WHAT THIS TASK INVOLVES:
Transcribe the data that follows without changing a word, and omit the pictures.

DATASET EXTRACT:
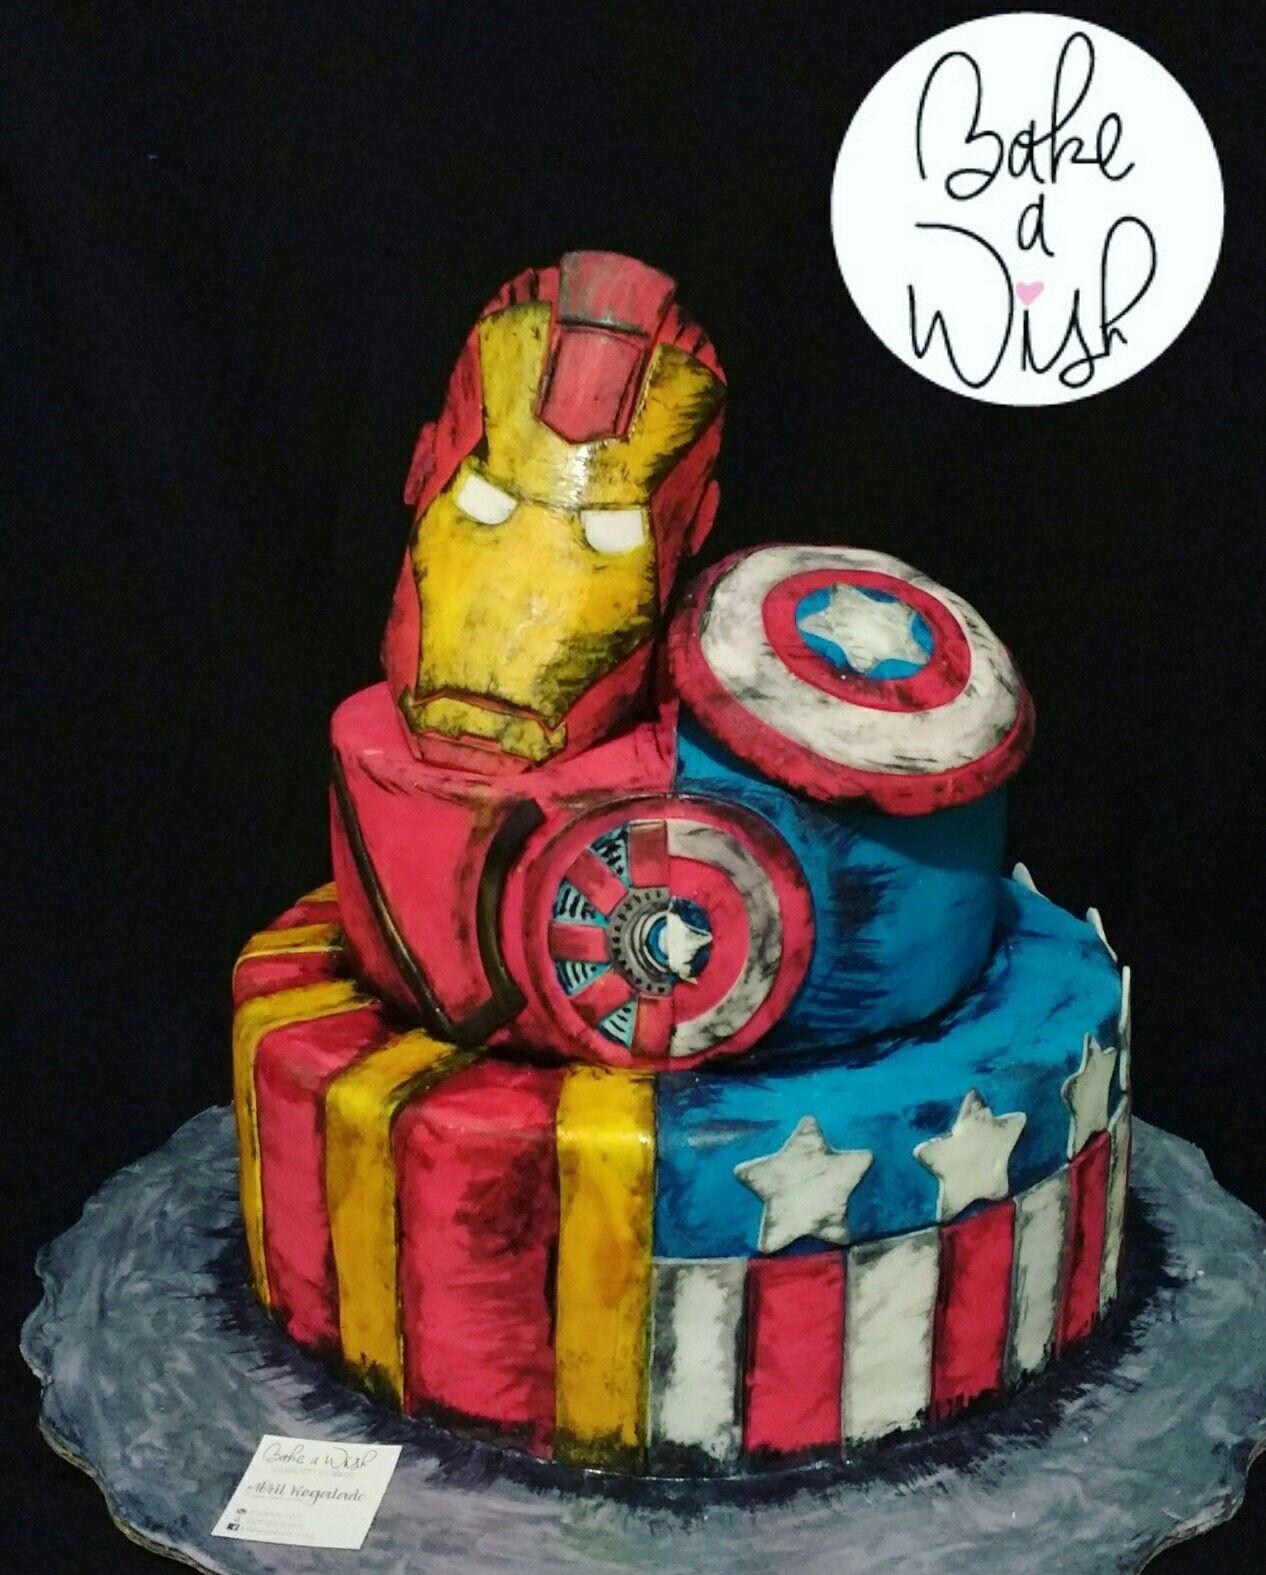 Civil War Cake Irnman Vs Cap America War Cake Cake Decorating Cake
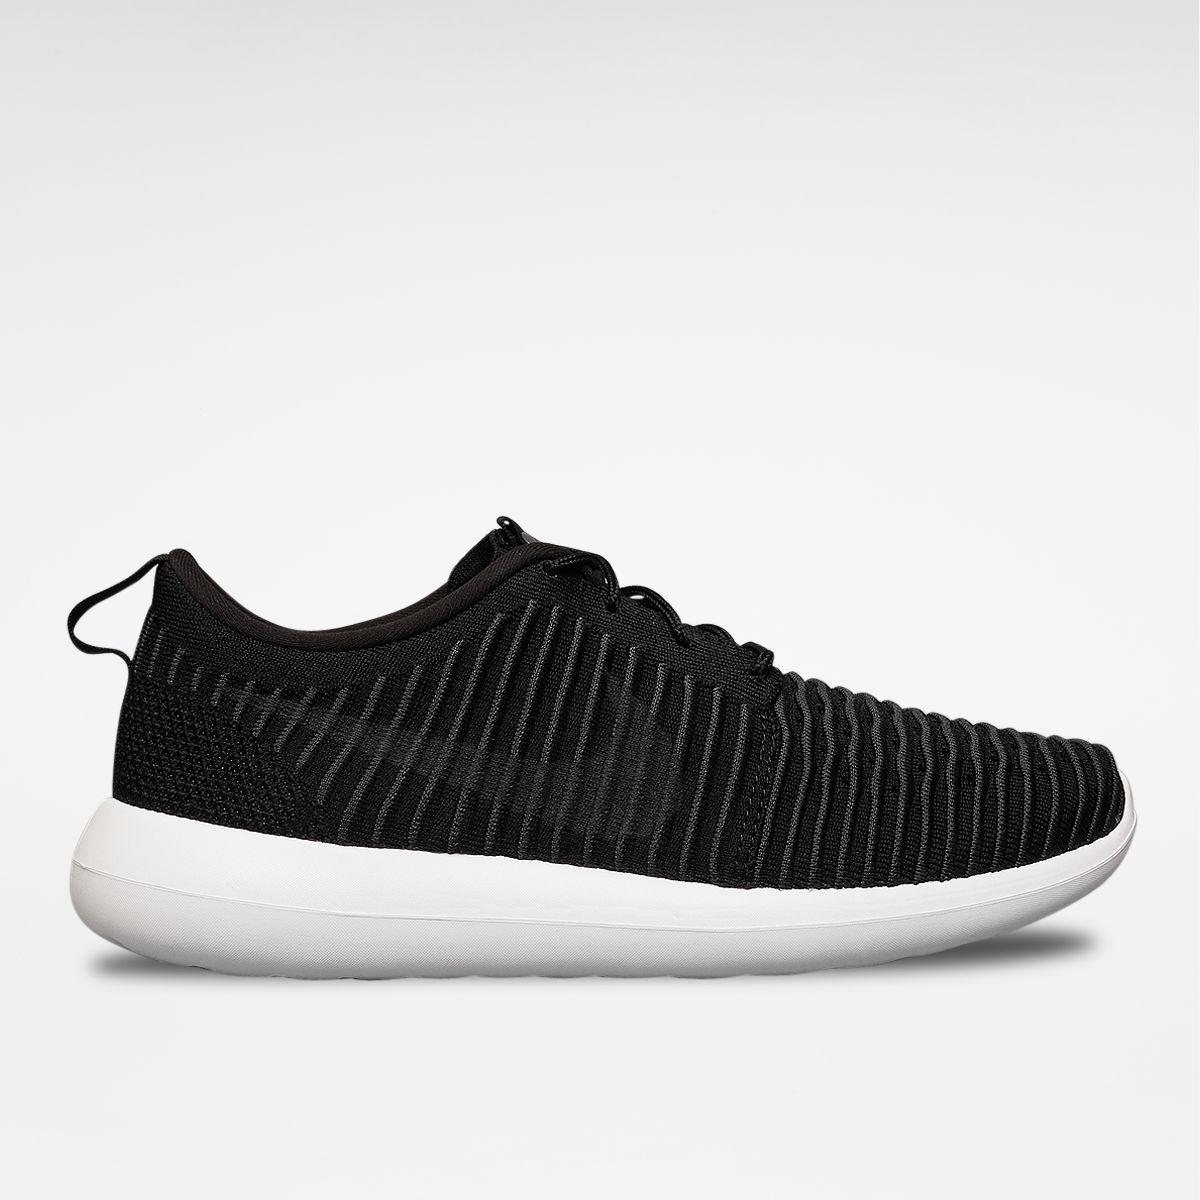 Nike Roshe Two Flyknit - Schwarz
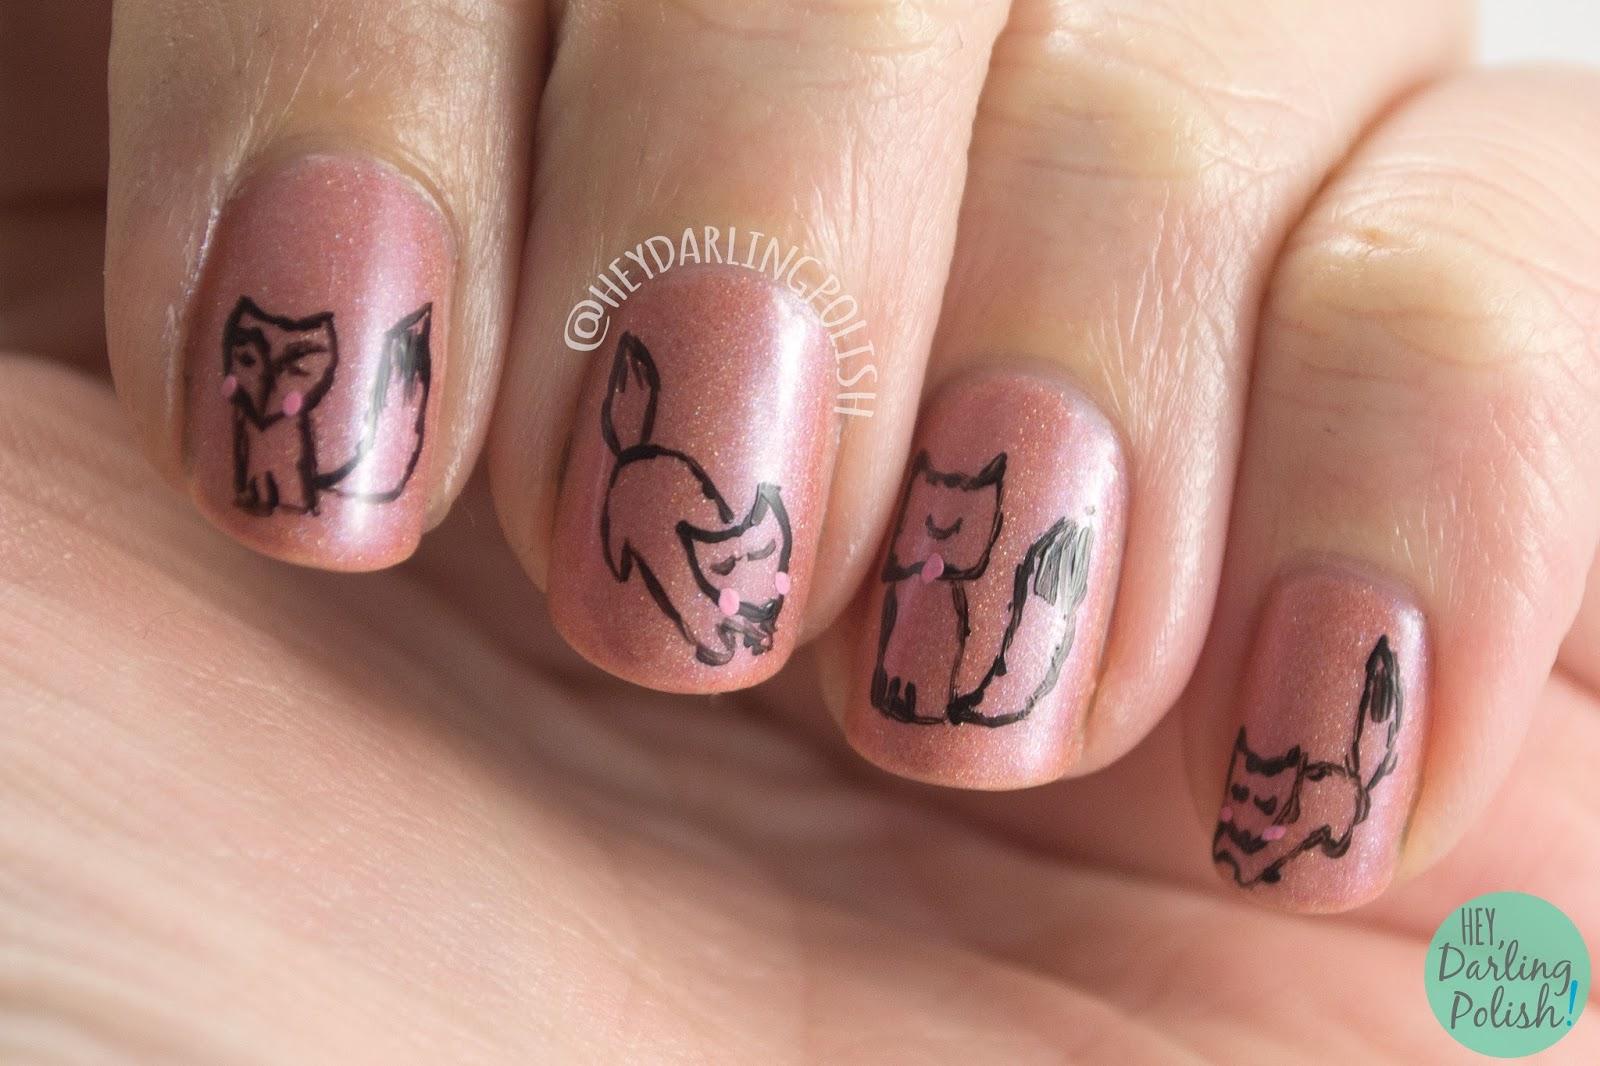 Hey, Darling Polish!: The Nail Challenge Collaborative: Animals - #1

YOUR RESPONSE:
 Civil War Cake Irnman Vs Cap America War Cake Cake Decorating Cake
 Nike Roshe Two Flyknit - Schwarz
 Hey, Darling Polish!: The Nail Challenge Collaborative: Animals - #1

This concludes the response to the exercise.